There's a shot opening a scene in Better Call Saul—something natural is suspended improbably outside a suburban home from a tree, or the house roof edge, by what appears to be a single spider thread—and that raises a familiar question:
Was this intentional symbolism, or was it simply there?
Bedford Falls, the "idyllic" town of It's A Wonderful Life - Frank Capra
Did Vince Gilligan and his team design it as metaphor—fragility, entrapment, inevitability—or did the crew arrive, notice it, and say “That’s interesting. Roll camera.”
This distinction matters less than people think—and more than they realize.
Intent vs. Inclusion
In production reality, not everything is designed. Weather intrudes. Light shifts. Props misbehave. Nature does what nature does. Crews are pragmatic.

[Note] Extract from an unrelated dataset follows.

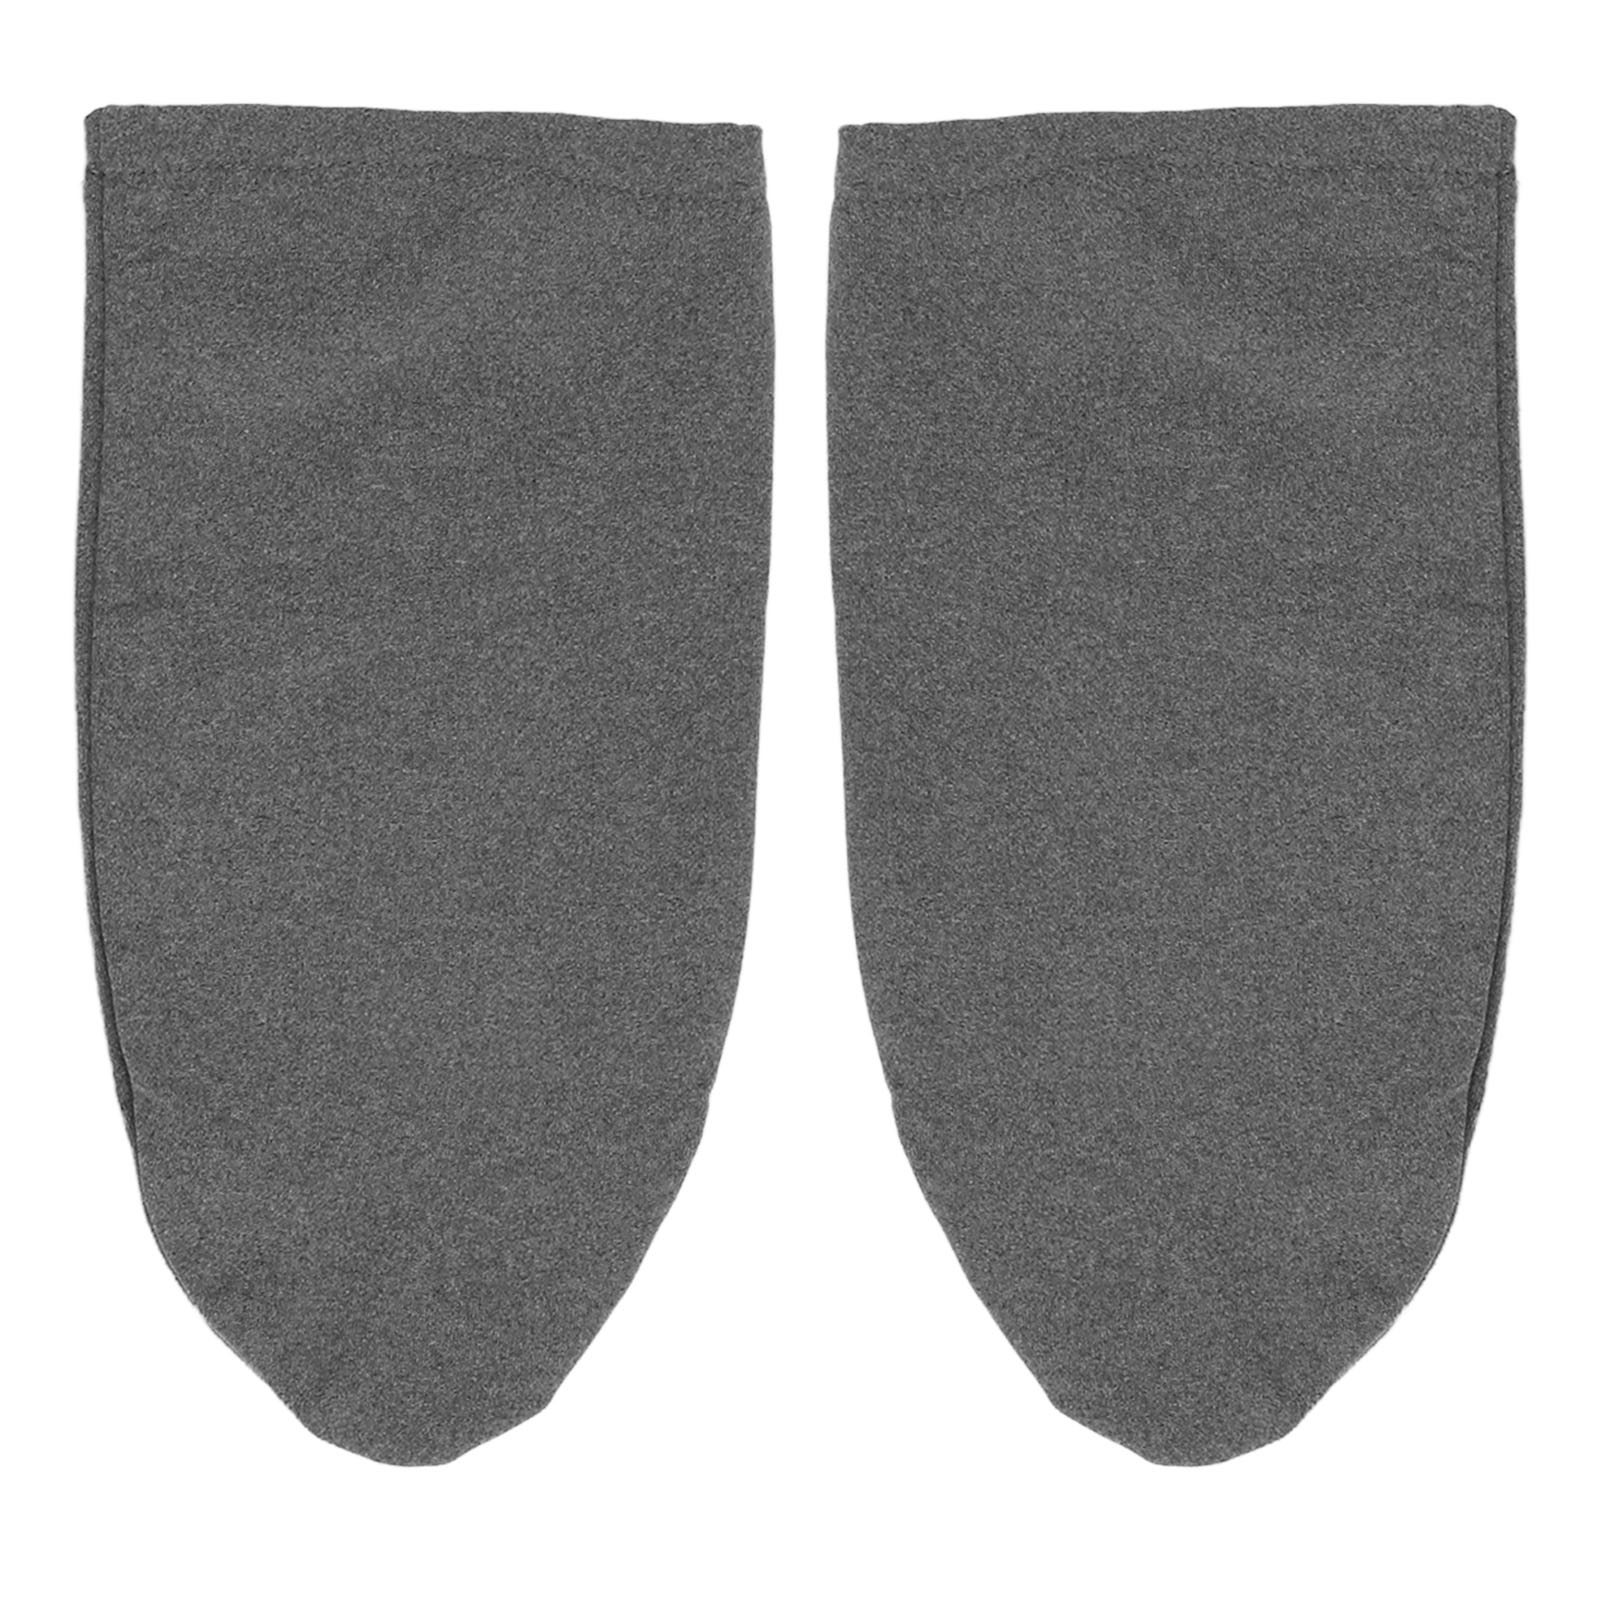 Sleeping Socks Warm Thin High Elastic Cozy Short Sleep Socks for ...

The key question is not “Was this planned?”
It is:
Once noticed, was it used?
Film language is not authored solely at the script level. It emerges from selection. The camera does not merely record; it chooses. And once something is chosen—framed, lit, held—it enters the grammar of the film whether or not it was storyboarded months earlier.

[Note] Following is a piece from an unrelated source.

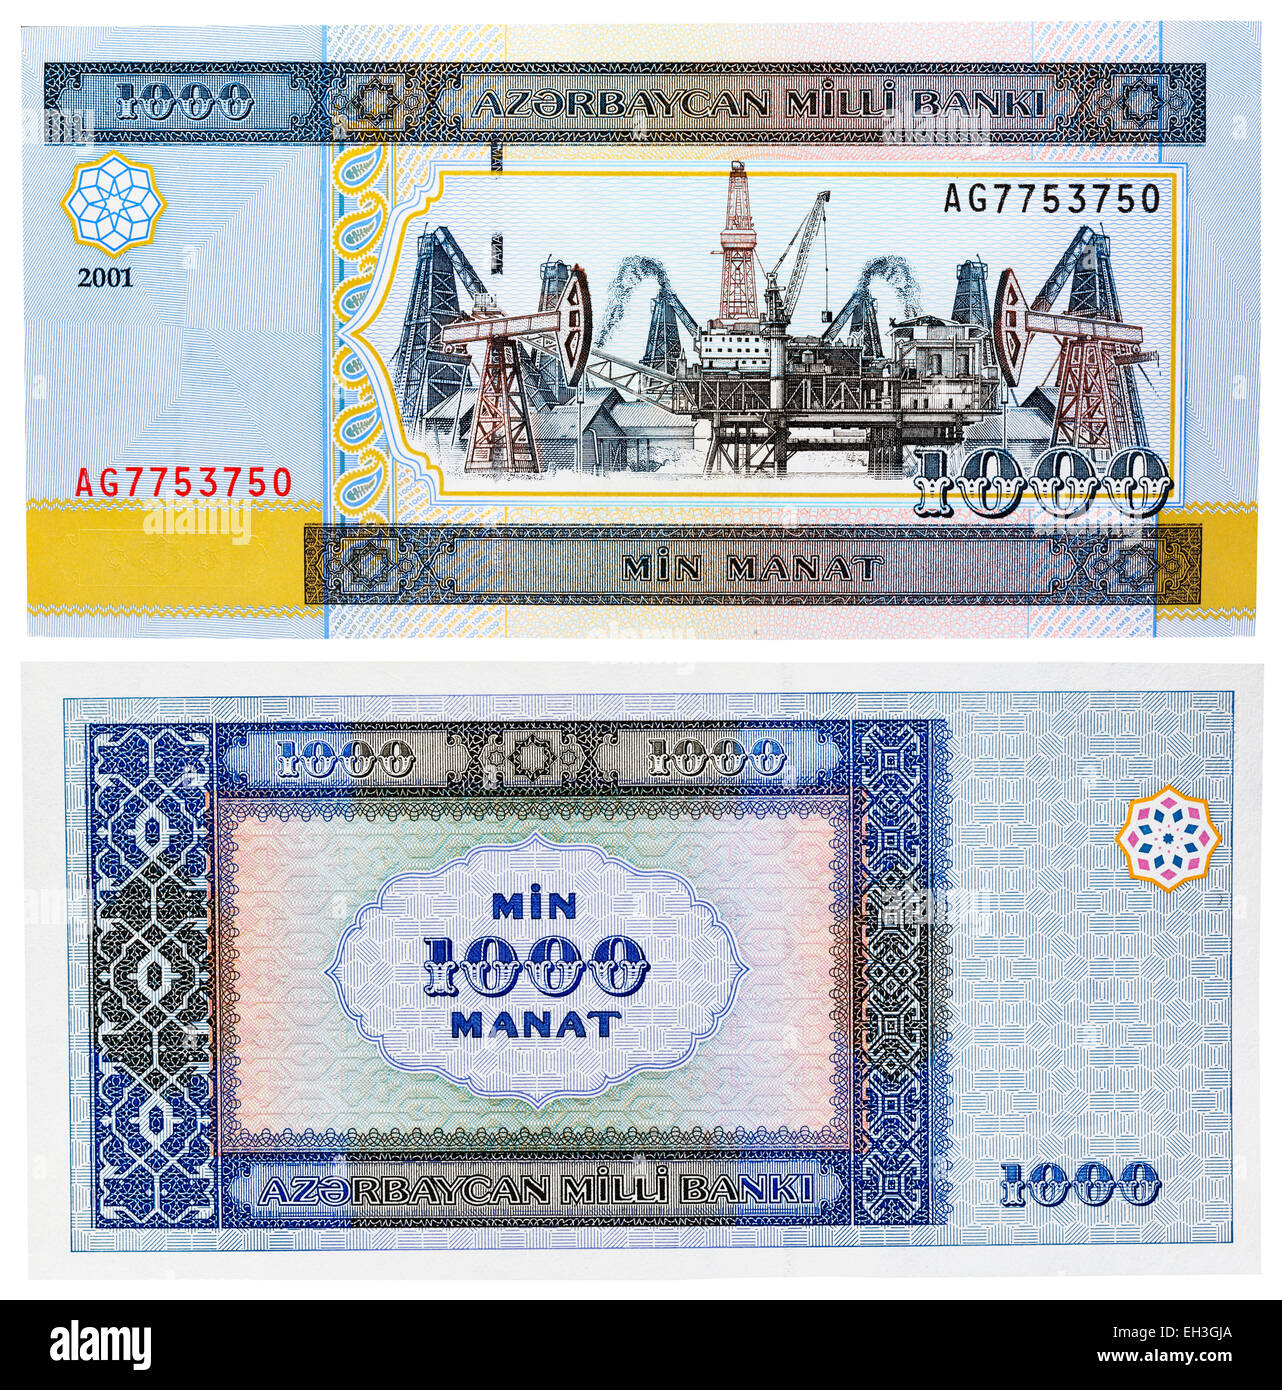 1000 manat banknote, Azerbaijan, 2001 Stock Photo

A happy accident does not remain an accident once it survives editorial judgment.
The Fallacy of Over-Reading (and Why It Persists)
Audiences—and critics—love intentionality. We want symbols to be deliberate because it reassures us that meaning is controlled.

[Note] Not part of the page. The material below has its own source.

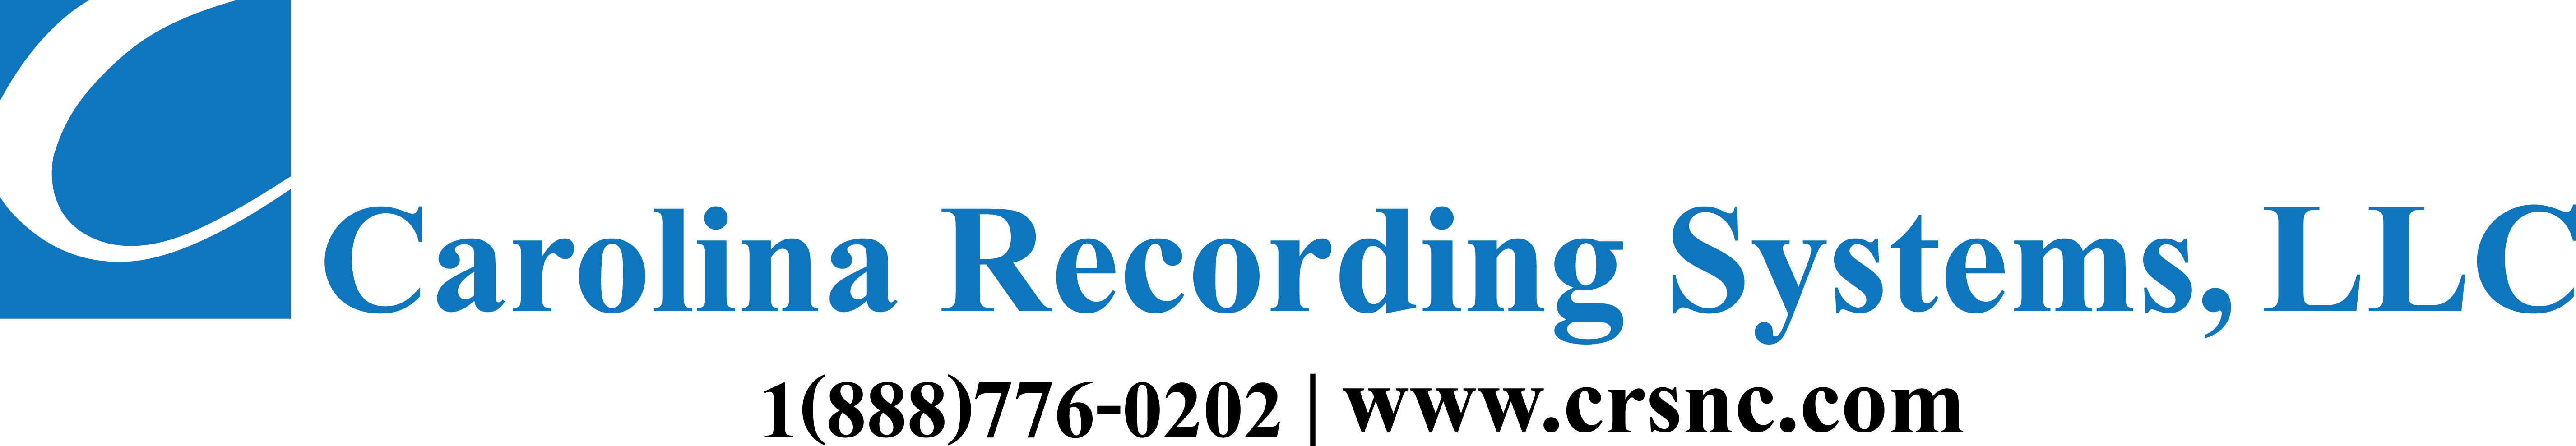 Carolina Recording Systems

But cinema history is full of examples where meaning was retroactively assigned to what were, frankly, accidents.
It's a Wonderful Life is a classic case. For decades, viewers and critics have decoded moments—lighting glitches, performance tics, background actions—as deeply symbolic or thematic, when production records show they were unplanned, sometimes even technical mistakes.
Yet here’s the uncomfortable truth:
Once the film is locked and released, the accident no longer belongs to production—it belongs to interpretation.
Meaning is not revoked because it wasn’t intended.
The Filmmaker’s Real Skill: Assimilation
This is where your contention lands squarely on solid ground:
A filmmaker uses all he can.
The question on set is rarely “Should we stop and reset?”
It’s “Does this serve the moment?”
If the answer is yes, then assimilation—not correction—is the mark of craft.
This is not sloppiness. It is responsiveness.
Cinema is not architecture; it is closer to navigation.
Auteur Theory, Properly Understood
If we invoke auteur theory, we should do so carefully.
François Truffaut argued that the director’s authorship is visible not in total control, but in consistent judgment. Taste. Selection. Recurrence.
Likewise, in the Alfred Hitchcock sense of authorship, control mattered—but even Hitchcock was pragmatic. He used what worked. He did not discard a compelling image because fate placed it there instead of the storyboard.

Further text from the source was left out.